Allergy

Updated 23 June 2014

Sinusitis

Sinusitis, inflammation of the paranasal sinuses, is a common disease that may afflict people throughout their lives.

Summary

  • Sinusitis is inflammation of the paranasal sinuses (air-filled cavities inside the bones of the skull).
  • Sinusitis may be acute or chronic, and infectious or non-infectious.
  • Anything interfering with airflow into and drainage of mucus out of the sinuses can cause sinusitis.
  • Symptoms include headache, nasal stuffiness, facial tenderness, sore throat, cough, worsening of allergies and purulent nasal discharge.
  • Although rare, sinus infections can cause serious complications, including spread of infection and exacerbation of respiratory tract conditions.

What is sinusitis?

Sinusitis, inflammation of the paranasal sinuses, is a common disease that may afflict people throughout their lives.

What is the prevalence of sinusitis?

Sinusitis is a common condition, affecting approximately 30% of the population at some point. Sinusitis can occur in infants and children, but is more common in adults as sinuses are undeveloped in infants and start forming during childhood. The average adult has 3-4 upper respiratory infections each year, about 1% of which are complicated by sinusitis. In addition to sinusitis associated with viral respiratory infections, many more people suffer inflammation of the sinuses because of seasonal allergic problems.

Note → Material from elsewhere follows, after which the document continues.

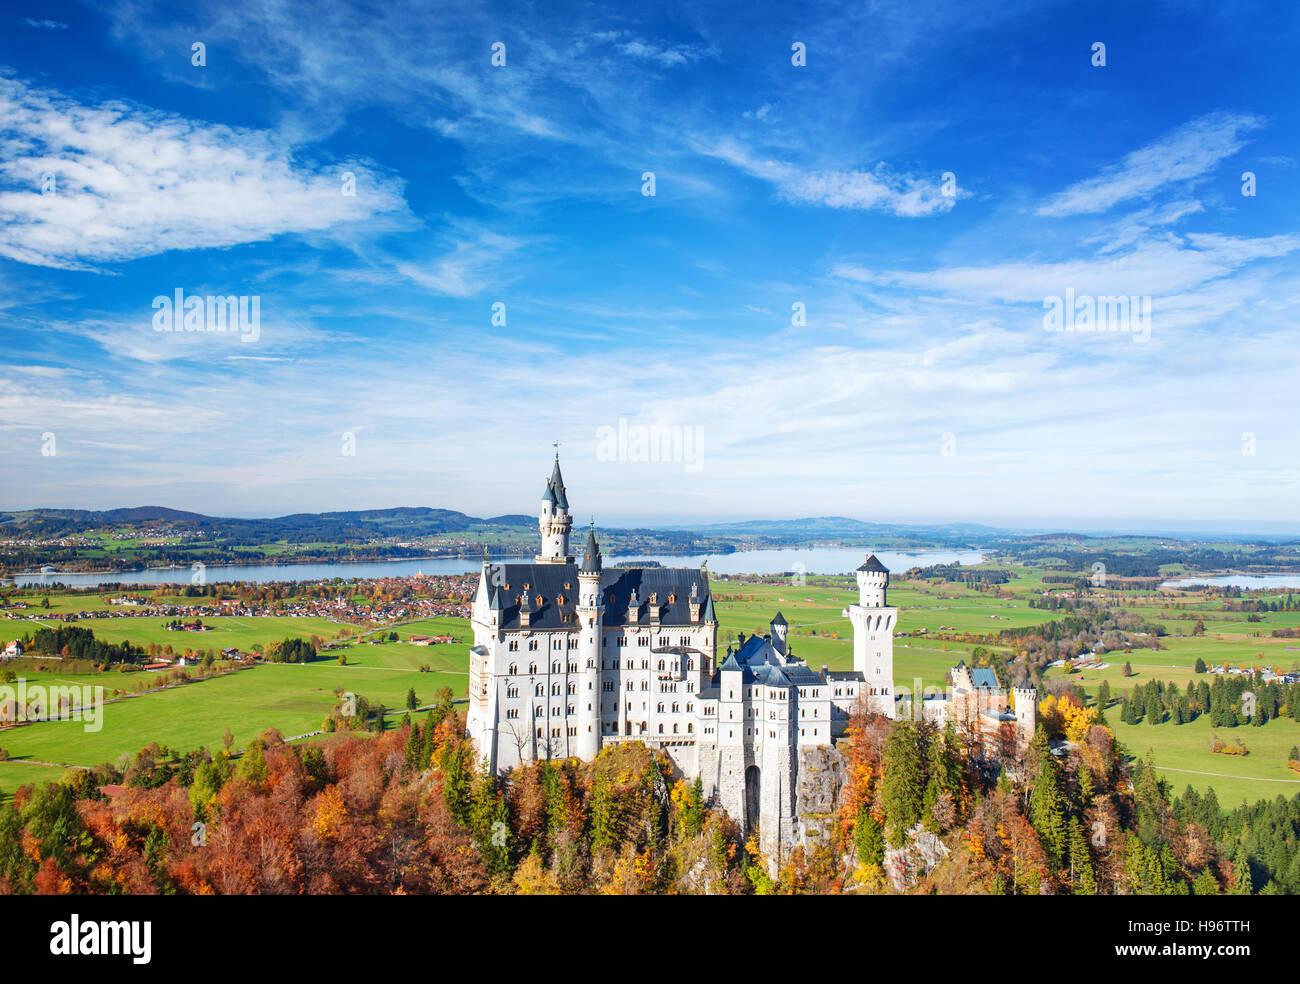 El castillo de Neuschwanstein en otoño. Hito de Alemania y Baviera. Hermoso paisaje alemán Imagen De Stock

The paranasal sinuses and sinusitis

The paranasal sinuses are air-filled cavities inside the bones of the skull. They are located on either side of the nose, behind and between the eyes, and in the forehead; there is also one further back in the head. They probably function to reduce skull weight and to enhance vocal resonance. They also have a protective function, as they absorb severe impact from the front and prevent it being transmitted to the brain.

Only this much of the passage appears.